Many years ago there was a trick we used, often to fix issues with Outlook connecting to a server. We wouldn’t do this over the phone; rather we would send someone to the desk of the person to complete this task. Simply put it was deleted the OST file of Outlook, or what is sometimes called the Offline Store.
The reason I am sharing this has to do with the noise around troubleshooting outlook. Recently (starting yesterday) my Outlook on my home computer stopped working. I would load it; it would connect to my mailboxes and then it would crash. I wandered out to Google and read what was recommended (including, by the way, two different posts from Microsoft) almost all the posts recommended reinstalling office, so I did. Then I shut down for a Sunday and headed off to other things.
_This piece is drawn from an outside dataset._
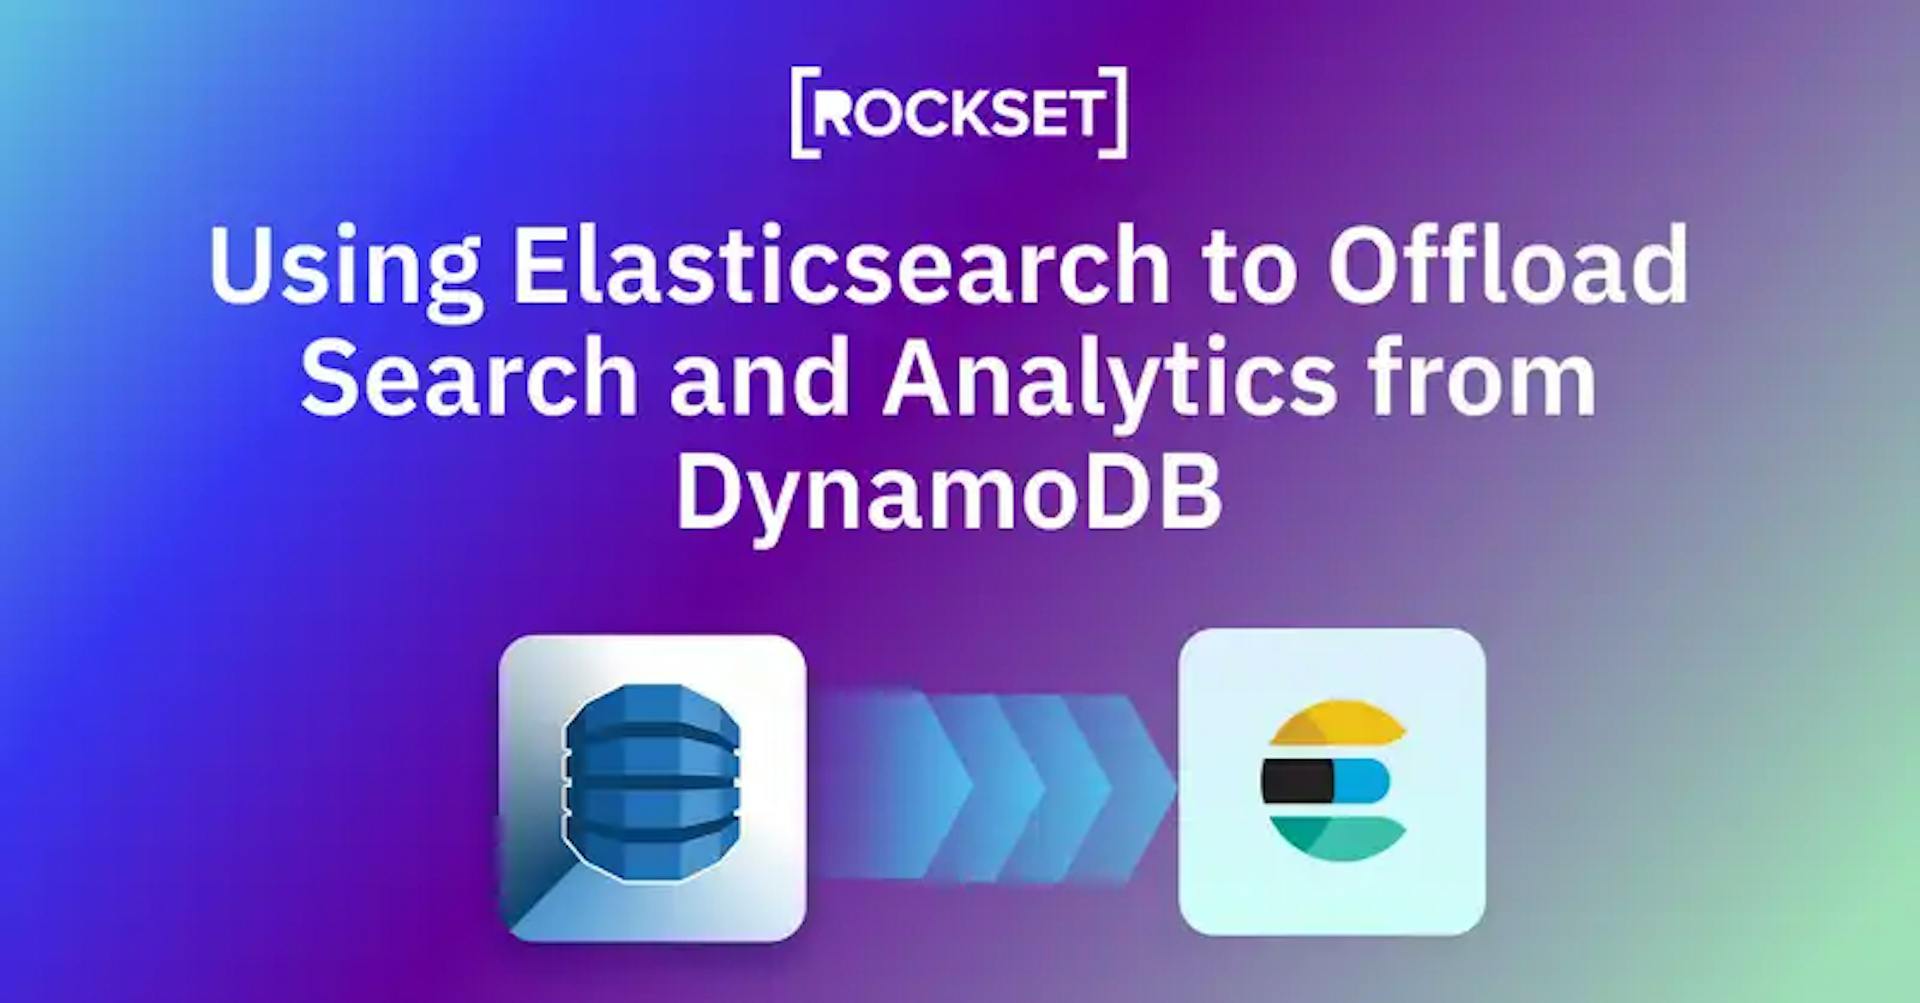 featured image - 使用 Elasticsearch 卸载 DynamoDB 的搜索和分析：优点和缺点

Needless to say, it didn’t work, reloading office. So I went back and tried the old fashioned approach that worked all those years ago, deleting the OST.
Never delete your PST, you can’t get that back. But the OST is a local copy of information that is stored on the server. Deleting it will create a little more download traffic on your PC, but you won’t lose any information or settings. Depending on the size of your inboxes, it can add some time to restarting outlook when you delete your OST file. For me, the deletion and recreation of the OST file this morning took a little over an hour. Your milesage may vary!
It fixes the problem I had the right way.
Technical support, when a legitimate group is trying to provide technical support, is hard. Don’t give up, just make sure you keep plugging away at the problem!
Over the years I have created rules for email that make my inbox smaller. It means I can get through the personal emails I get in a lot less time. When Outlook crashes, it costs me time, both sorting mail on another computer or tablet, but also in trying to fix the problems! That is why I still follow the 30-minute rule. If I cannot fix a computer system in less than 30 minutes, I look online for ideas.